ELECELLERATION (el a cel er ay' shun)n. The mistaken notion that the more you press an elevator button the faster it will arrive.

FRUST (frust)n. The small line of debris that refuses to be swept onto the dust pan and keeps backing a person across the room until he finally decides to give up and sweep it under the rug.

LACTOMANGULATION (lak' to man gyu lay' shun)n. Manhandling the "open here" spout on a milk container so badly that one has to resort to the `illegal' side.

NEONPHANCY (ne on' fan see)n. A fluorescent light bulb struggling to come to life.

PEPPIER (pehp ee ay')n. The waiter at a fancy restaurant whose sole purpose seems to be walking around asking diners if they want ground pepper.

PETONIC (peh ton' ik)adj. One who is embarrassed to undress in front of a household pet.

PHONESIA (fo nee' zhuh)n. The affliction of dialing a phone number and forgetting whom you were calling just as they answer.

PUPKUS (pup' kus)n. The moist residue left on a window after a dog presses its nose to it.

TELECRASTINATION (tel e kras tin ay' shun)n. The act of always letting the phone ring at least twice before you pick it up, even when you're only six inches away.

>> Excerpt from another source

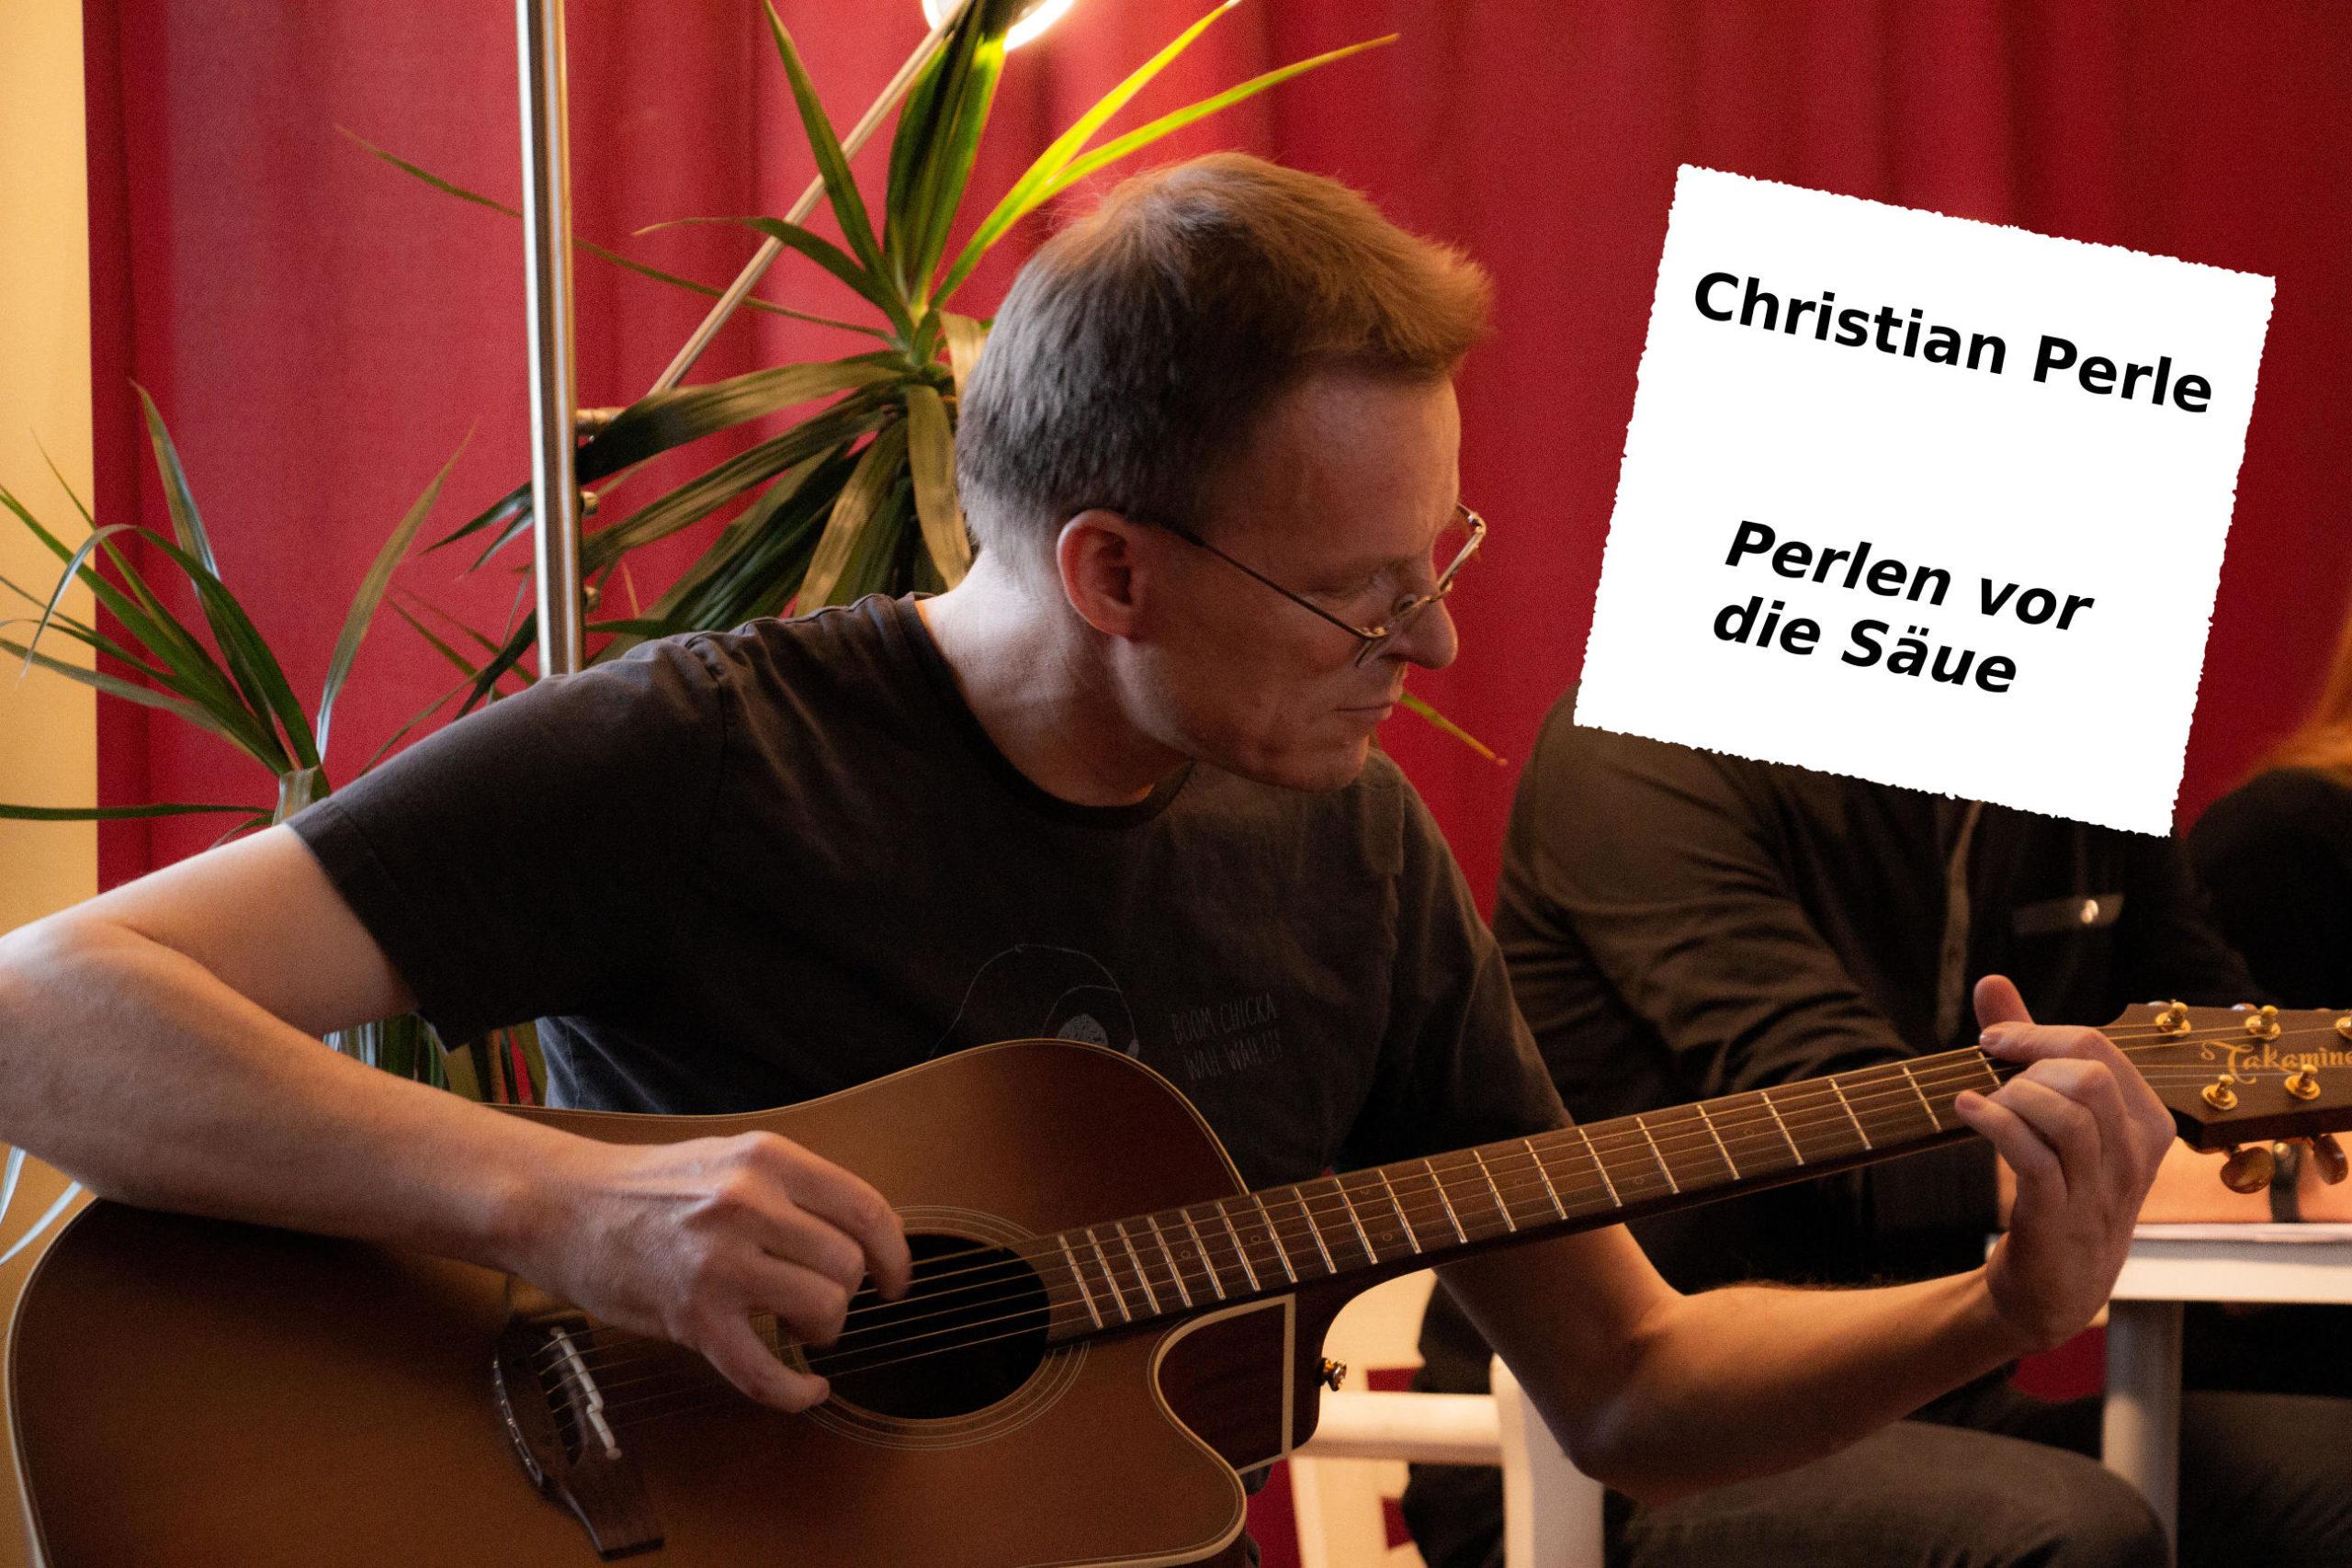 Christian Perle
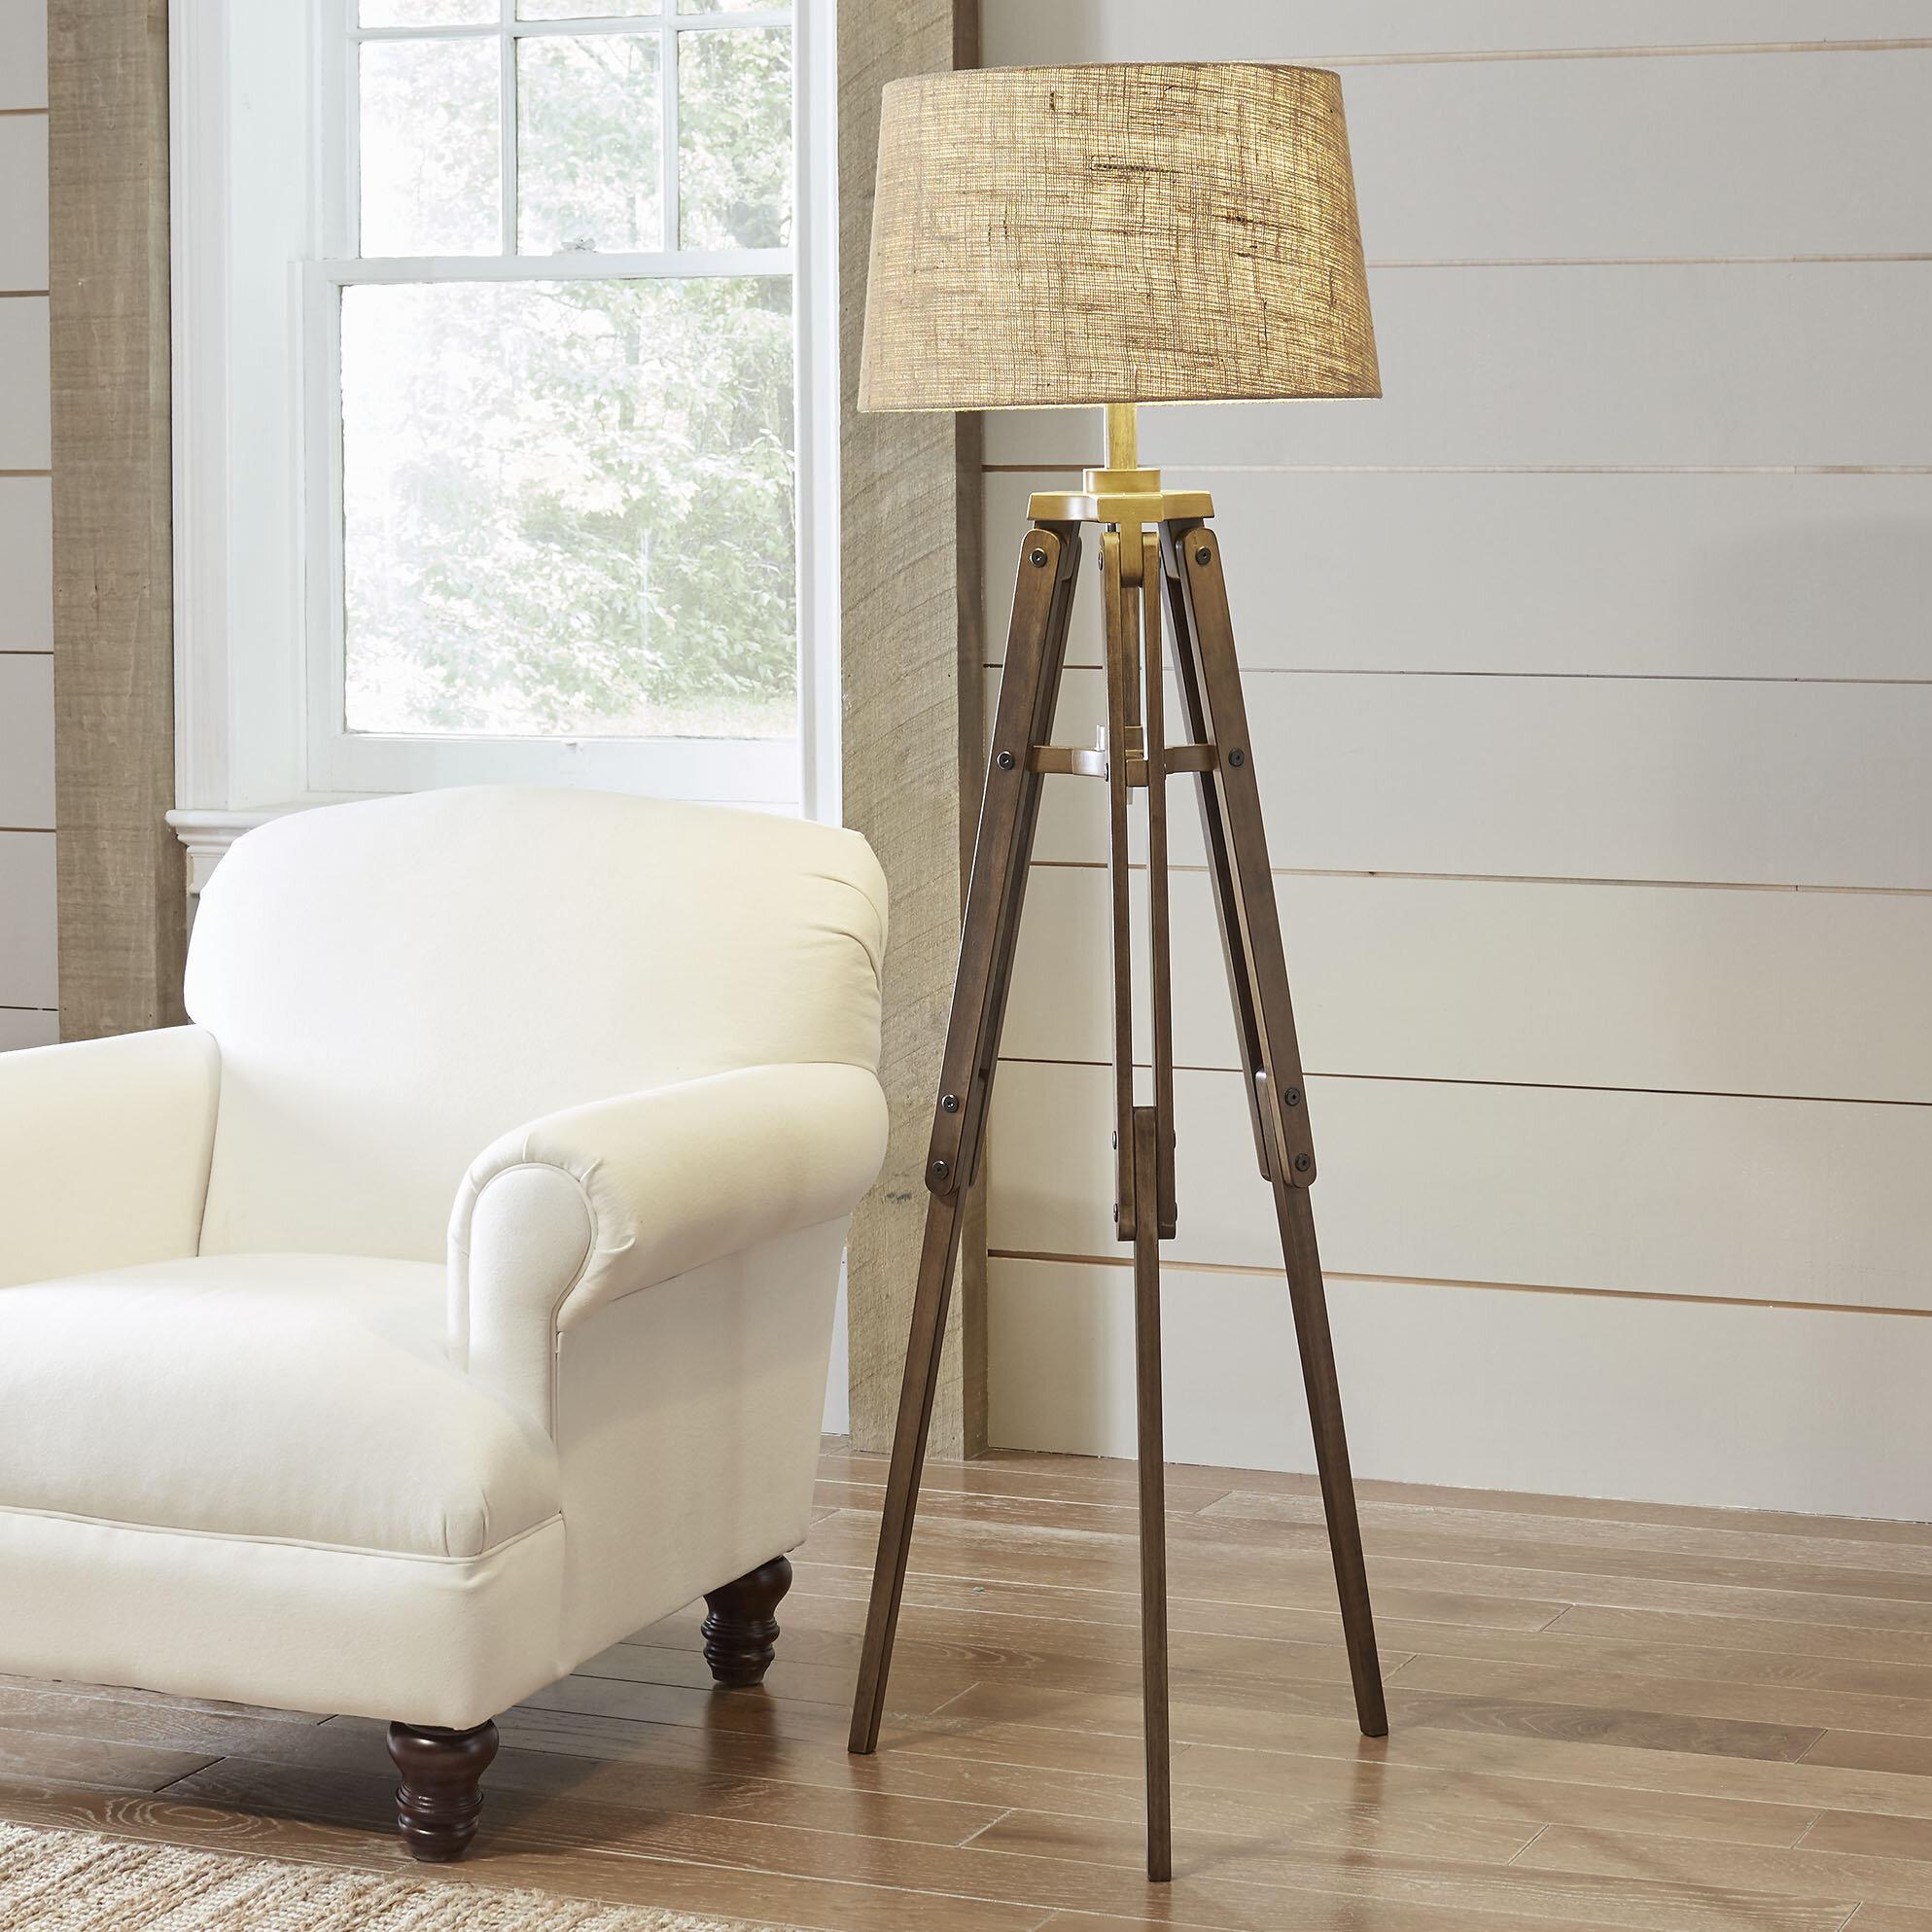 Astonishing Sorrento 62 25 Tripod Floor Lamp Theyellowbook Wood Chair Design Ideas Theyellowbookinfo

Friday, September 14, 2007

Arbit thoughts

Mez back.
you after a long long time back here.
Its been a long long time when I wrote naything about well anything.
And right now some 4767869867457 thoughts are crossing my mind about which i wanna write but i guess I will stick to my favourite thing, cribbing.
Yeah yeah, I know I know 90% of the time am ranting and raving about some or the other thing which is wrong with me or with things around me or something like that.
so why differ this time. Well this post is dedicated to all the people who, ummmm......., well you will get the picture a little later.
Well have you ever been told by a person in your your office to keep it down or your home to keep it down or even in the cafeteria to keep it down.
Well with me, its almost a daily affair.
Just now a jerk(in my office) asked me to "keep it down" (when so many other people are actually shouting at the same decibels or more. Well these are the time I really feel that the whole world is conpiring against me). Any ways so this dude in his "oh so charming" ( well that what he thinks) way told me that we have calls and its disturbing and yada yada yada.......
And its not just today that its like this I am told to keep it down at home, at cafetaria even in the bathroom.
Cummon man gimme a break. Is this some kind of "morcha" people are taking out against me.
I mean there are other people go on talk to them tell them to shut up.
Why can't people stand a girl in a good mood,rather anyone in a good moood.
Why are people so hell bent on making everyone irritated like them.
Well I think it with the fact that everyone has likes to get into majority so the good mood guys try to spread by being hilarious and loud whereas the bad mood guys try and get majority by spreading their.
Thats it!!! that's the whole idea.
So the way to beat it isnot to let the opposition get into majority ( Man!! I can solve nay bloody problem).
So from now on people might ask me to keep it down but... welll they'll see :)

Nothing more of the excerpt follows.